__STORED DATA__.
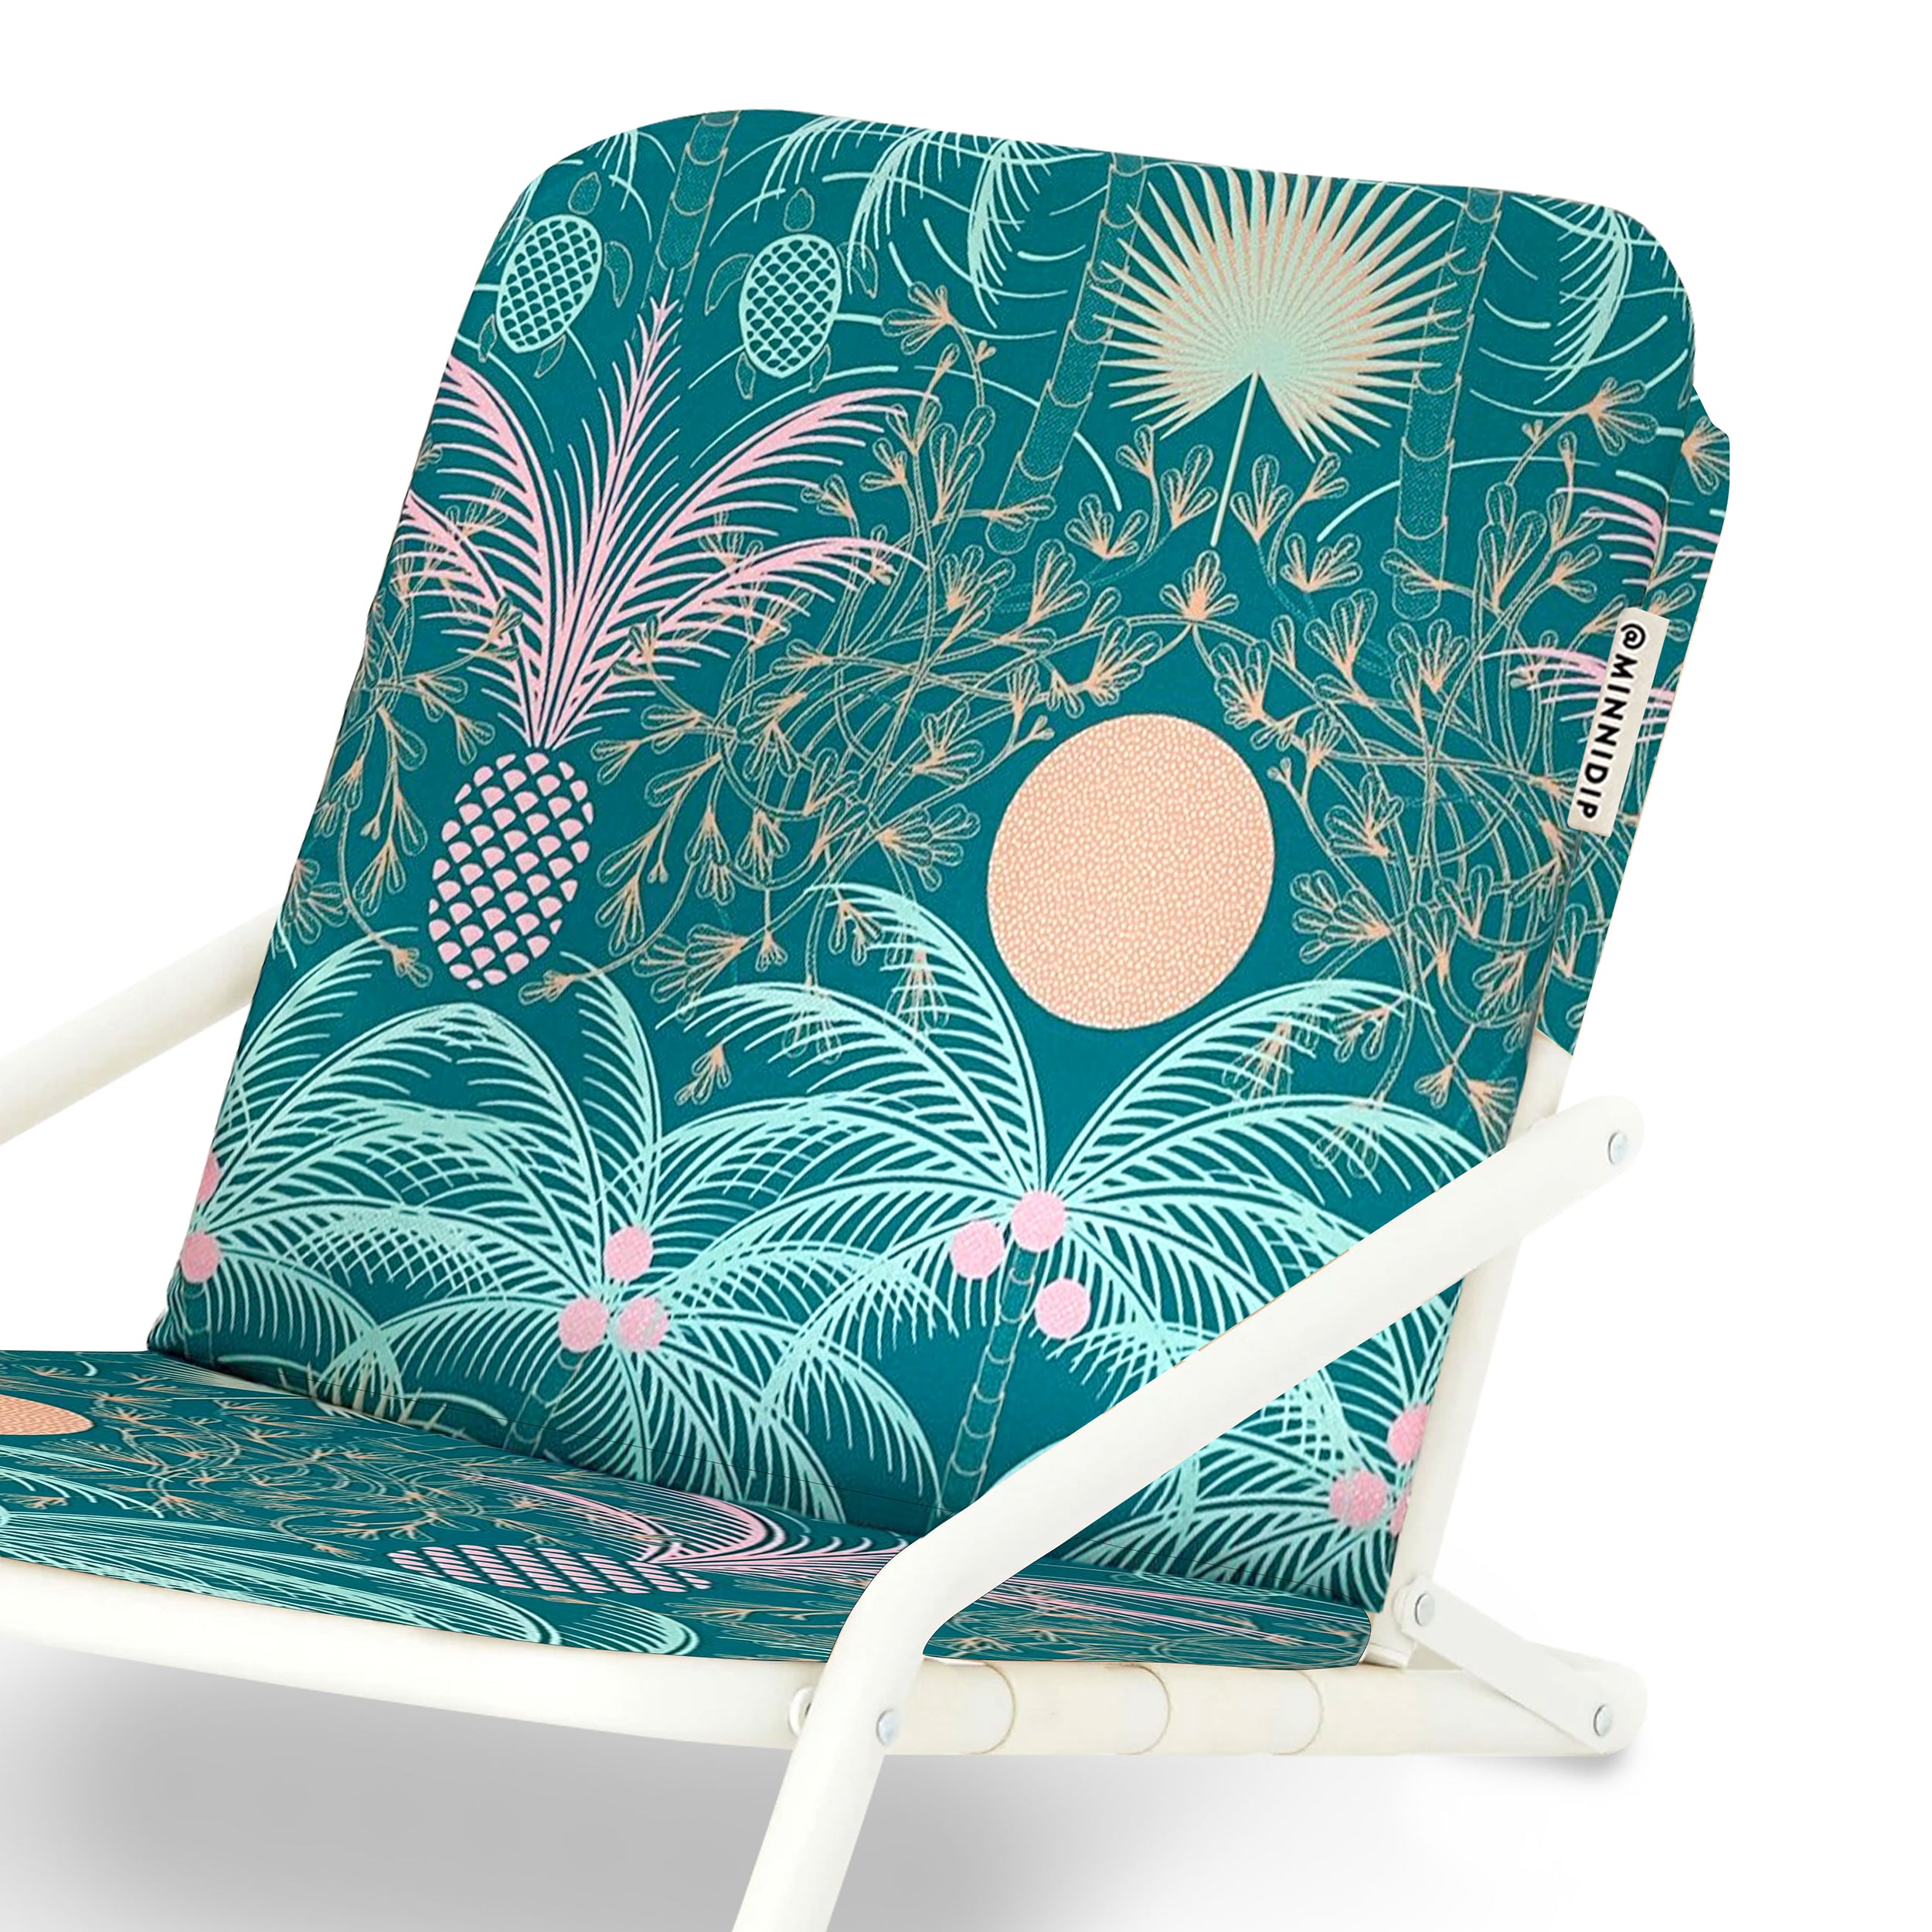 the TULUM Beach Chair
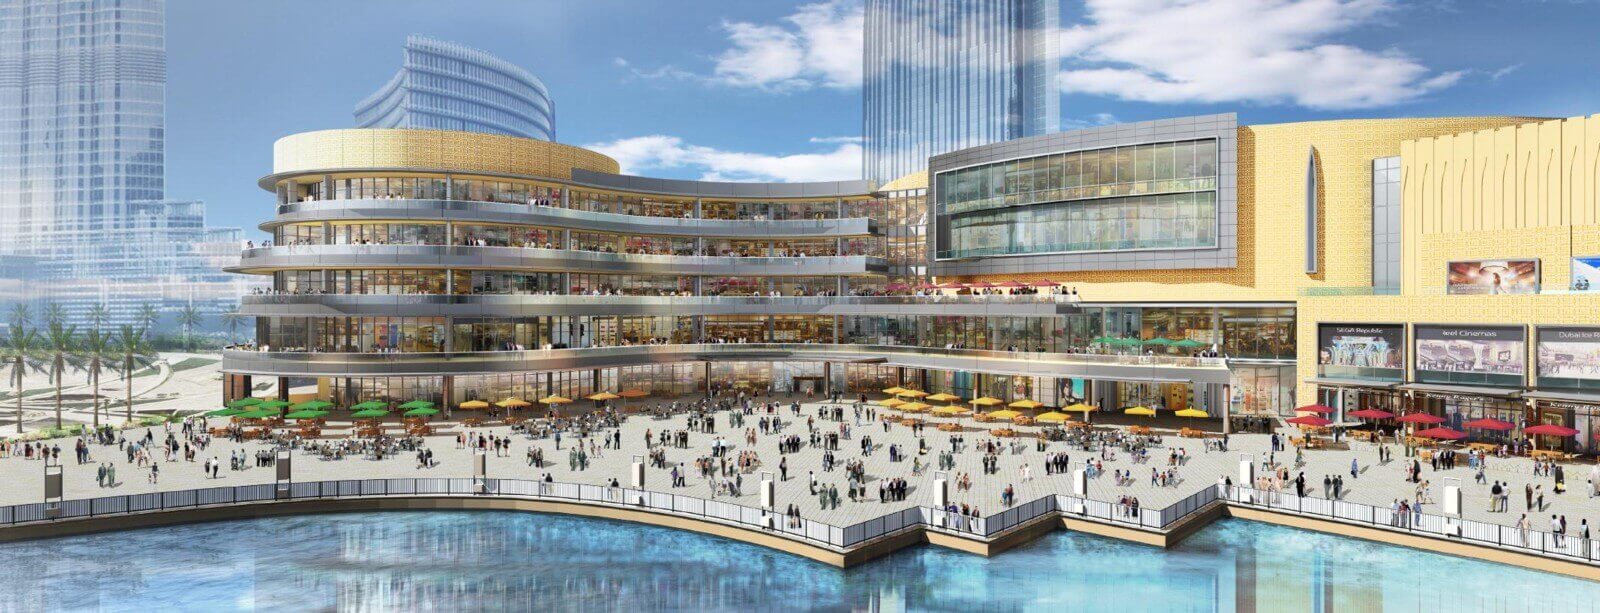 Dubai Mall Expansion
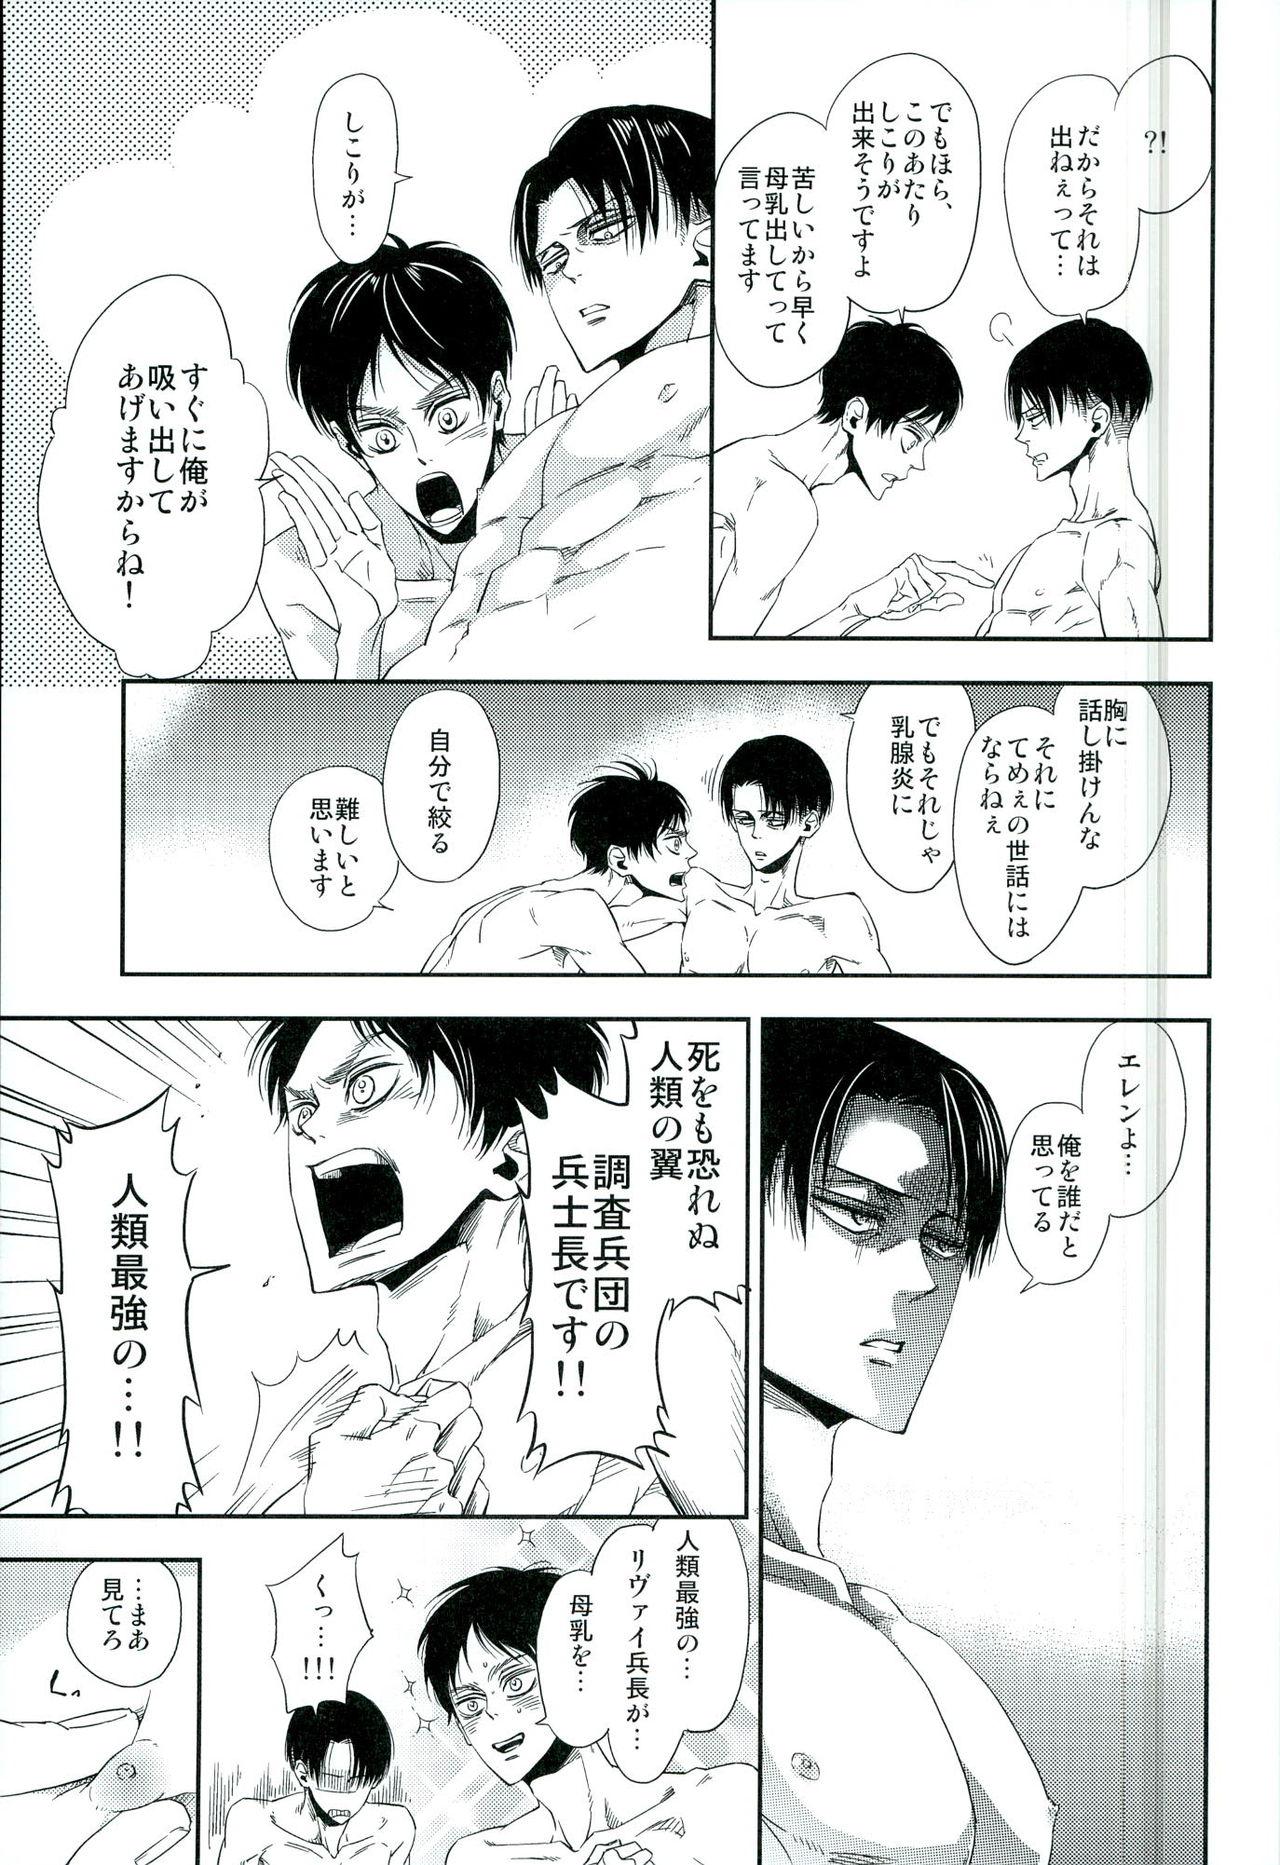 Outdoors 兵長のおっぱいから母乳が出るところが見たい! - Shingeki no kyojin Adult - Page 8

__REQUIRED ACTION__. Starting at the line that holds "Dubai Mall Expansion", write out every remaining line of the material above exactly as it appears. Pictures should not be copied.

__WRITTEN ANSWER__.
 Dubai Mall Expansion
 Outdoors 兵長のおっぱいから母乳が出るところが見たい! - Shingeki no kyojin Adult - Page 8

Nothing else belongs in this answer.